On the other hand, Qwen 3 8B evaluated under the FSL approach (See Fig. 8) mitigates this collapse slightly by diversifying predictions and partially recovering minority classes. However, the model exhibits a strong tendency to confuse homophoby-related instances, transphoby, sage, misogyny and racism are collapse into the homophoby class. Conversely, homophoby is often confused with transphoby, racism and misogyny, indicating that the boundaries between these closely related classes remain blurred, even with FS prompting. Furthermore, safe expressions continue to pose challenges, being misclassified as homophoby, racism or transphoby, reflecting the model’s tendency to misinterpret neutral discourse as hostile. Showing that even with a few examples, the model struggles to capture nuanced, overlapping categories, confirming that, while it helps mitigate the bias towards majority labels in multi-label hate speech detection, FS prompting does not fully resolve it.

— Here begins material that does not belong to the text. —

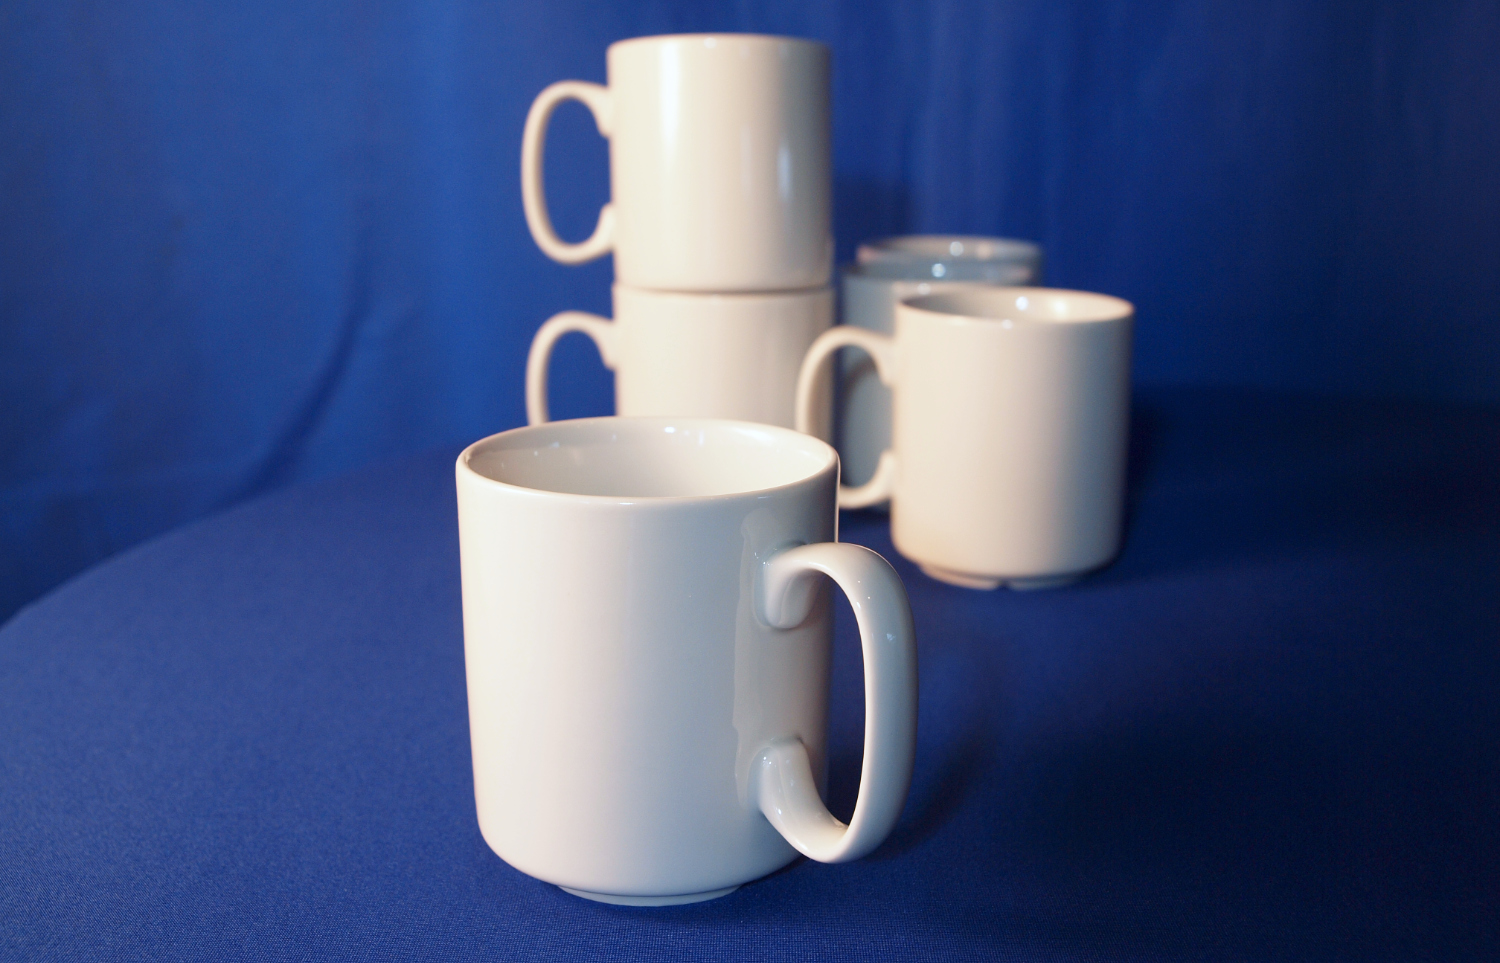 Geschirr aus Porzellan für Ihre Veranstaltung mieten, Detailansicht 6 Stk. Kaffeebecher

Overall, these patterns confirm that fine-tuning with MarIA yields the most balanced and interpretable results, effectively distinguishing between related forms of hate while maintaining coverage across labels. In contrast, ZSL and FSL approaches remain limited by their tendency to merge semantically close or underrepresented classes into majority ones, highlighting that, while FS prompting reduces some of the fragility observed in ZSL, it does not match the balanced performance of fine-tuned models, thus underscoring the necessity of supervised fine-tuning for robust multi-label hate speech detection.

5  Discussion

The comparative evaluation revealed a clear trade-off between the stability of supervised fine-tuning and the flexibility of ICL-based approaches. Fine-tuned Spanish encoder-only models produced the most consistent and balanced results across all tasks, achieving stable F1-scores and recall. In contrast, LLMs evaluated under the ZSL paradigm exhibited unstable behavior and poor performance, often failing to generate valid outputs despite achieving acceptable PVR values in some cases. The FSL paradigm mitigated these issues to a certain extent, yielding higher PVR and recall, particularly for simpler uni-label tasks. However, both ICL-based approaches were inadequate for handling the complexity of ordinal and multi-label classification, underscoring the importance of supervision when deploying models in high-stakes forensic or cybersecurity contexts.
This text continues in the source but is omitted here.